Wednesday, February 10, 2010

Leonard Peikoff's "Pre-Human" Defense of Abortion

Leonard Peikoff, who was one of Ayn Rand's closest associates, is the founder of the Ayn Rand Institute, a former professor of philosophy, and undoubtedly the foremost proponent of Rand's philosophy.

My attention was drawn to a statement in support of abortion that professor Peikoff makes in an article entitled "Abortion Rights are Pro-Life", which can be found at his personal Web site.

Peikoff states, very courageously, that abortion would be murder if a fetus were a person, but then he goes on to assert that an embryo is clearly pre-human. (No distinction appears to be made between 'person' and 'human being', or between 'embryo' and 'fetus'.)

This defense of abortion is fallacious, because pre-humans simply do not exist. The term 'pre-human' has only been used by anthropologists to refer to presumed prehistoric ancestors of Homo Sapiens.

A pre-human fetus would be a creature that is not human but which could become human. But such a creature has escaped the vigilant notice of the sciences of biology, genetics, embryology, and obstetrics. In fact, given current knowledge about the human genome, such a creature would seem to be impossible. Every species has a characteristic arrangement of genes called its genome, e.g., the mouse genome, that is present in the cells of all its members but not present in any other species. Human embryos and fetuses carry the human genome in their cells, just like human adults.

Life is not discontinuous, as the term pre-human would suggest; it is continuous. In the process called mitosis, a living cell splits into two living cells, as when single-celled organisms reproduce or when multi-celled organisms, such as humans, grow.

In the process called meiosis, a living cell splits into two living gametes (i.e., sperms and ova), each of which is capable of recombining with a different living gamete to create a new living cell called a zygote, which is the first cell in a new embryo.

In human reproduction, a new zygote receives the human genome from its two parents when the genes in their gametes are recombined in the zygote. But the genes are recombined in such a way that the new zygote is genetically different from its parents, i.e., it is a new individual.

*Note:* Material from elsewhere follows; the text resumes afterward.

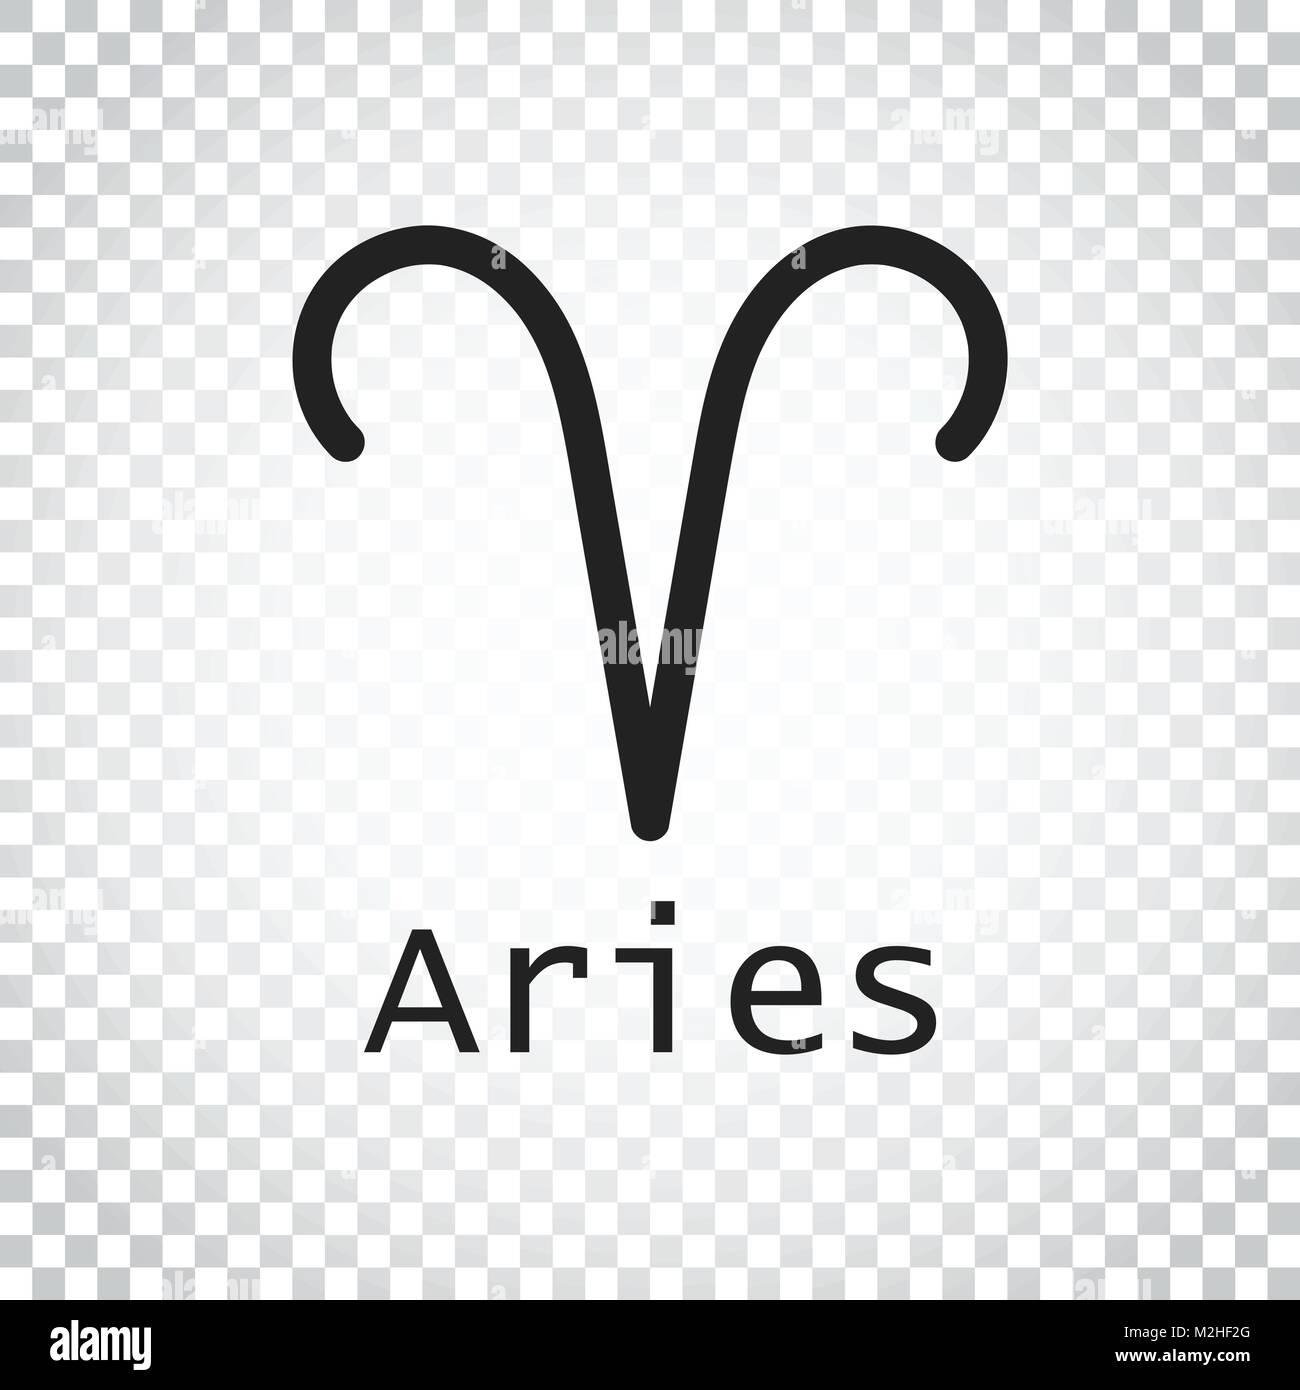 Aries Zodiac Sign Stock Photos Aries Zodiac Sign Stock

The zygote begins to grow as it divides into two cells, and those and subsequent cells continue to divide through mitosis. The new pairs of cells retain the zygote's genome, which contains all the instructions needed to grow into an adult human being by means of continued cell division over the course of years.

In other words, a human being begins as a single cell called a zygote and grows continuously by cell division through the phases that we call an embryo, fetus, newborn, baby, child, youth, and full-grown adult.